Notwithstanding the foregoing, nothing herein shall be construed to require Buyer to
indemnify the Indemnified Parties from any Claim arising from the sole negligence or
willful misconduct of the Indemnified Parties. Nothing in this indemnity shall be
construed as authorizing any award of attorney's fees in any action on or to enforce the
terms of this Agreement. This indemnity shall apply to all claims and liability regardless
of whether any insurance policies are applicable. The policy limits do not act as a
limitation upon the amount of indemnification to be provided by the Buyer.
10. RESERVED
11. CLAIMS
The Buyer and the City expressly agree that in addition to any claims filing
requirements set forth in the Agreement, the Buyer shall be required to file any claim
the Buyer may have against the City in strict conformance with the Government Claims
Act (Government Code sections 810 et seq.).

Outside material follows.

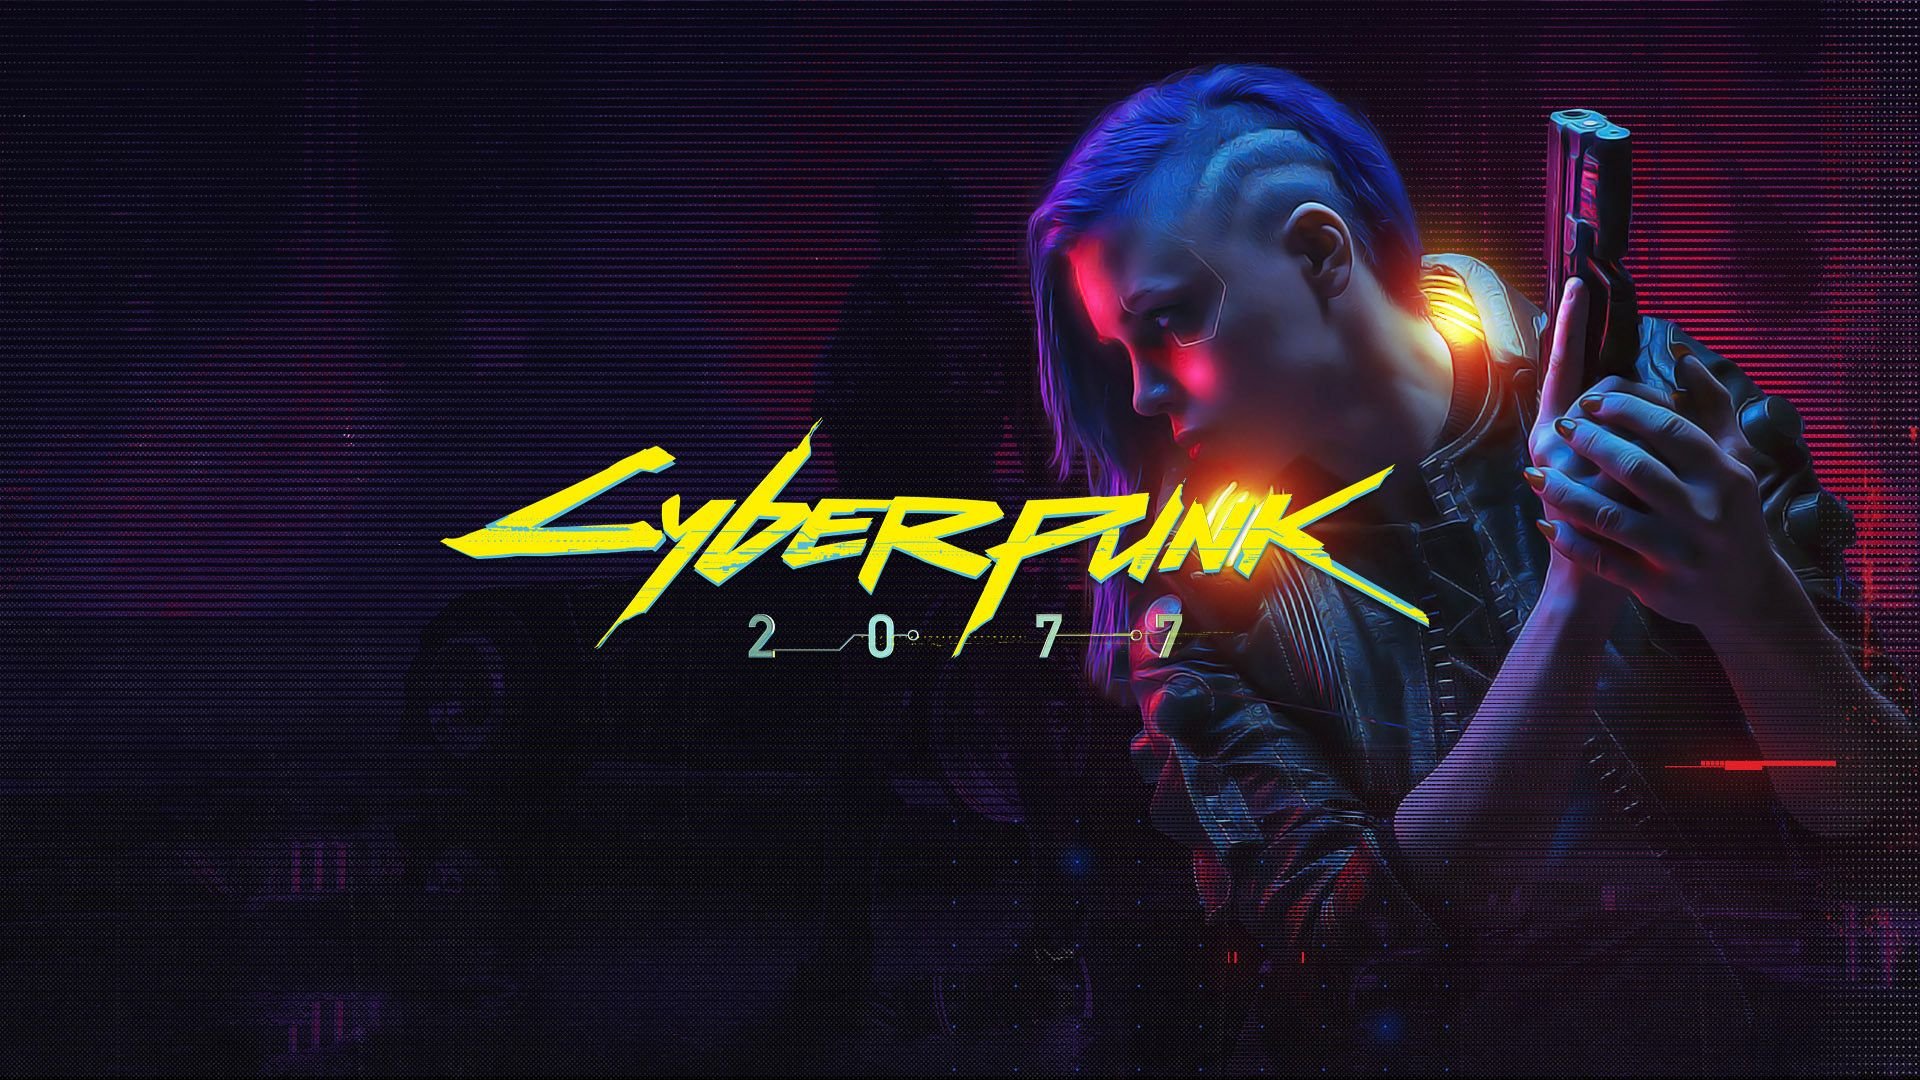 Cyberpunk logo ae фото 70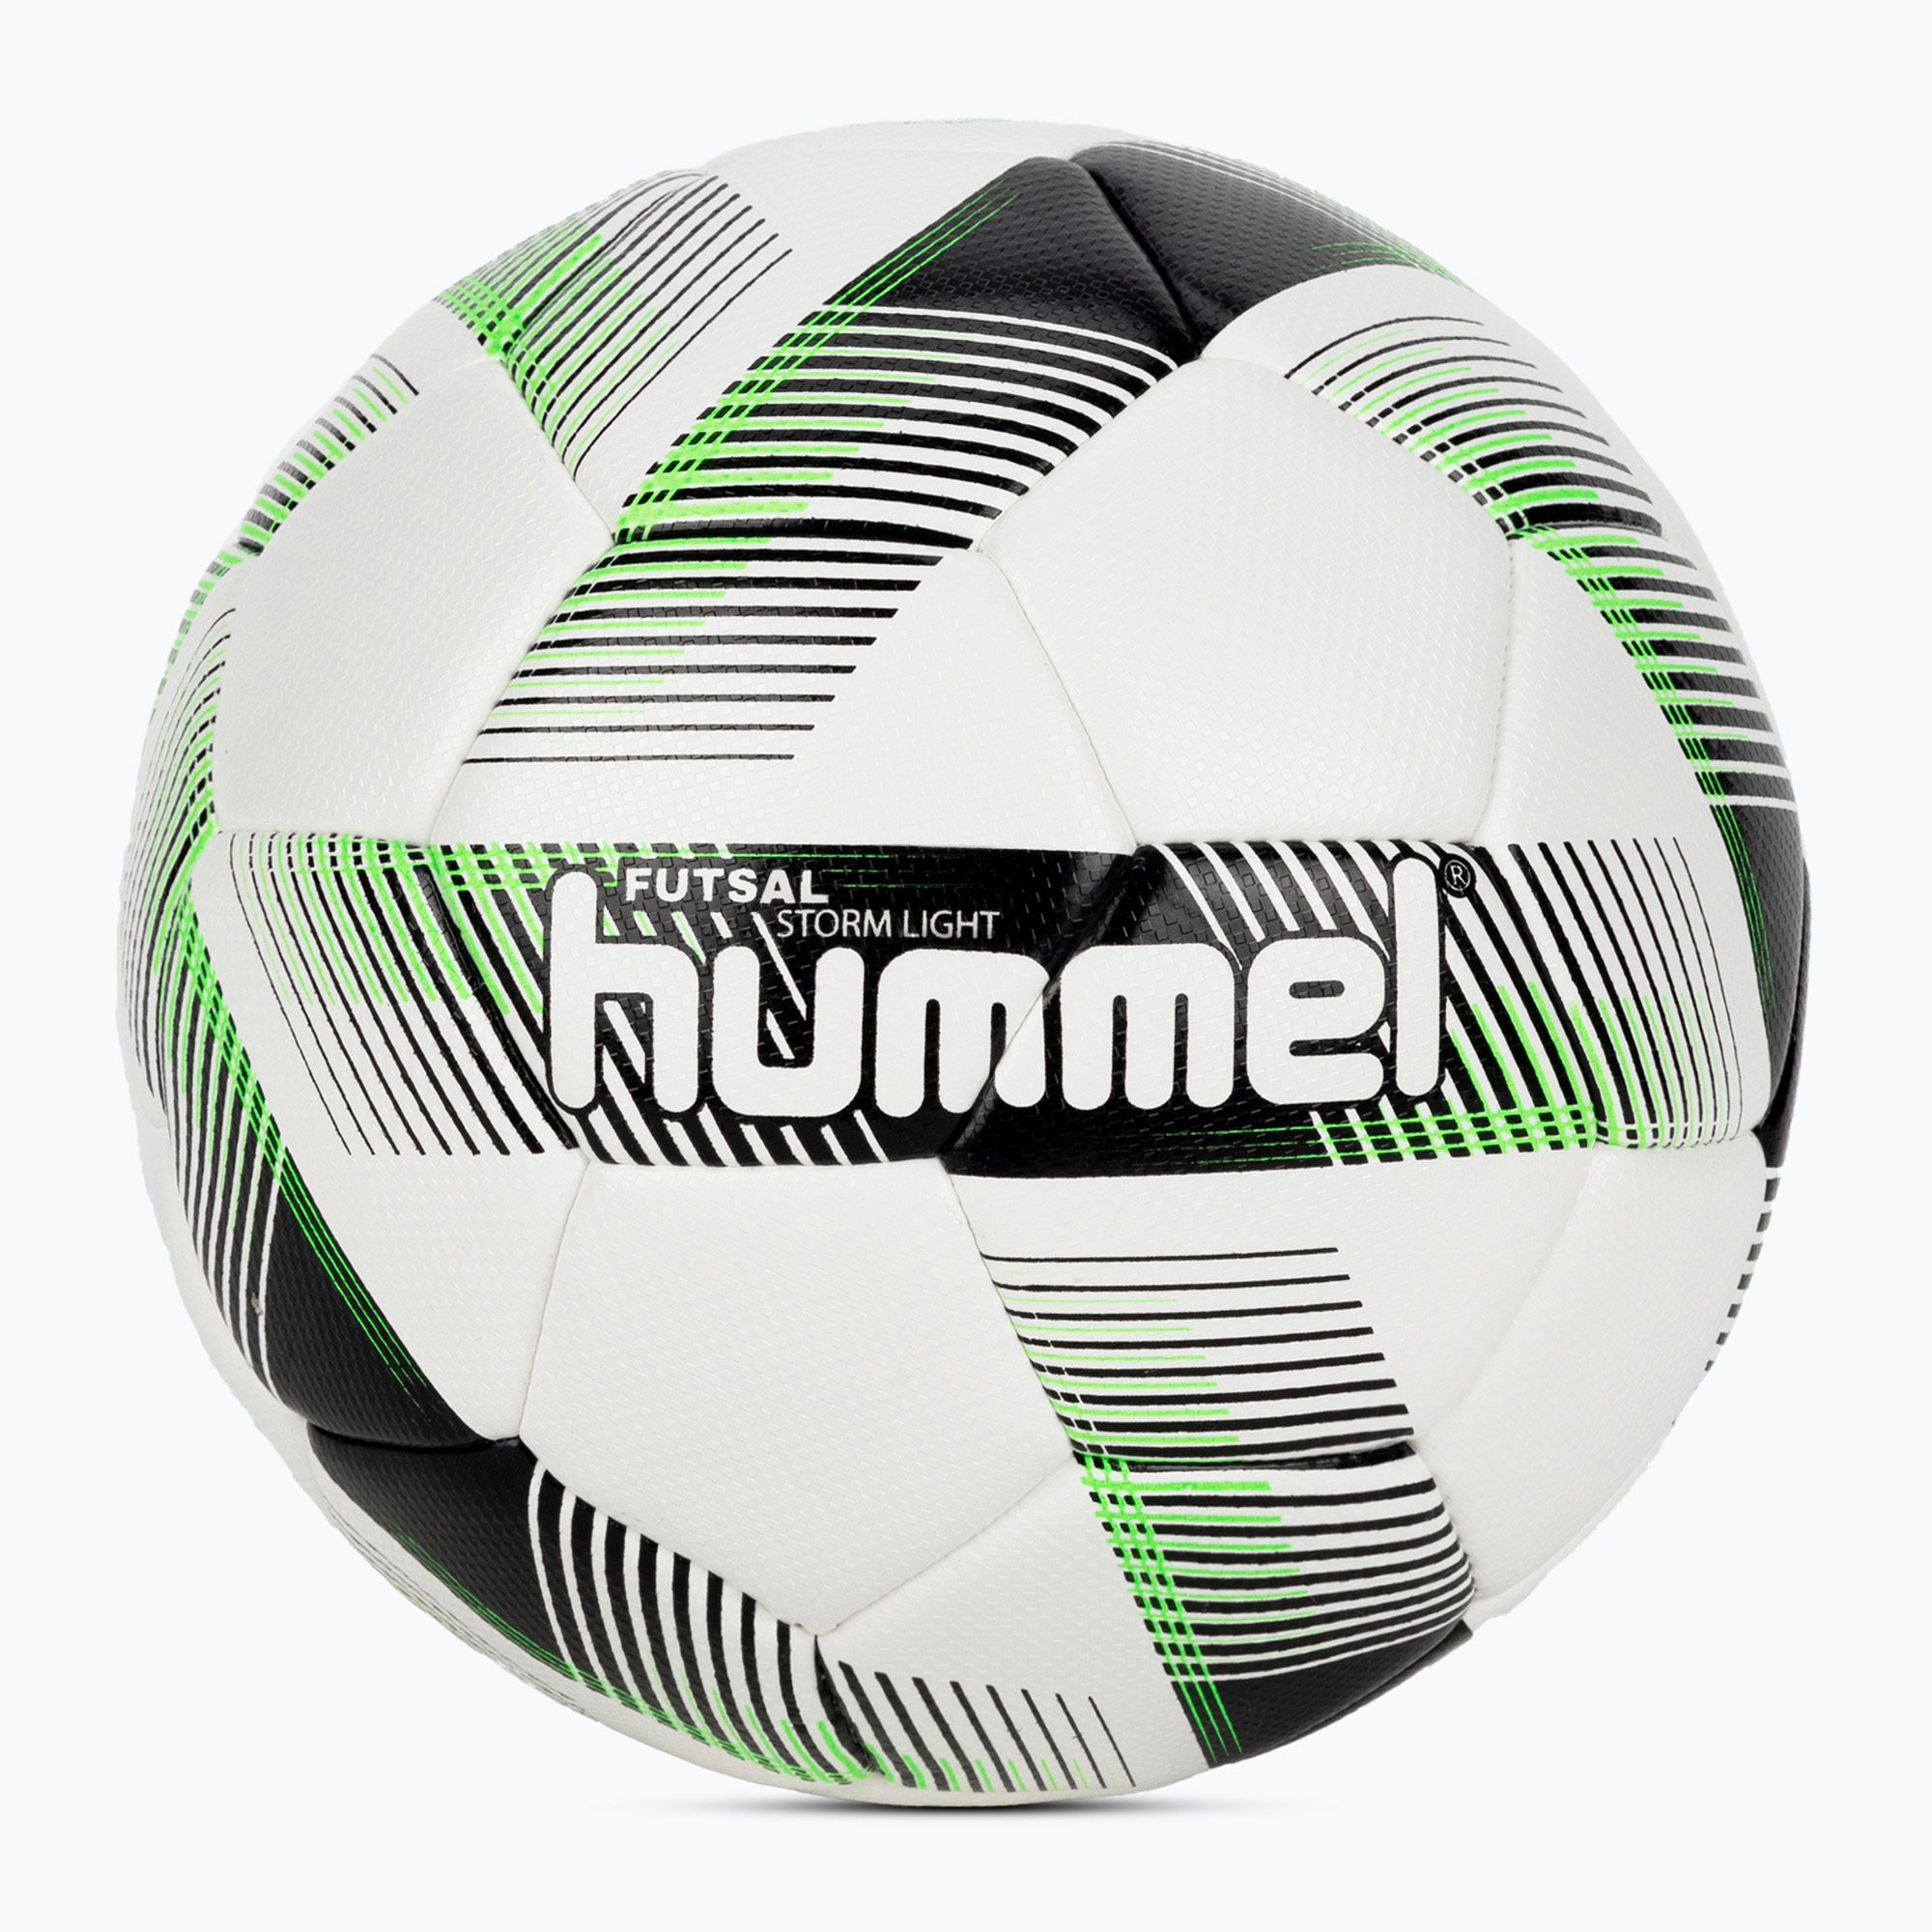 Hummel Storm Light FB футболна топка бяло/черно/зелено размер 3

12. COMPLIANCE WITH ALL LAWS
Buyer shall at its own cost and expense comply with all statutes, ordinances,
regulations and requirements of all governmental entities, including, but not limited to,
federal, state, county or municipal, whether now in force or hereinafter enacted.
13. NO ATTORNEY'S FEES
In the event of any dispute or legal action arising under this Agreement, the prevailing
party shall not be entitled to attorney's fees.
14. WAIVER
A waiver by either parry of any breach, of any term, covenant or condition contained
herein shall not be deemed to be a waiver of any subsequent breach of the same or
any other term, covenant or condition contained herein, whether of the same or a
different character.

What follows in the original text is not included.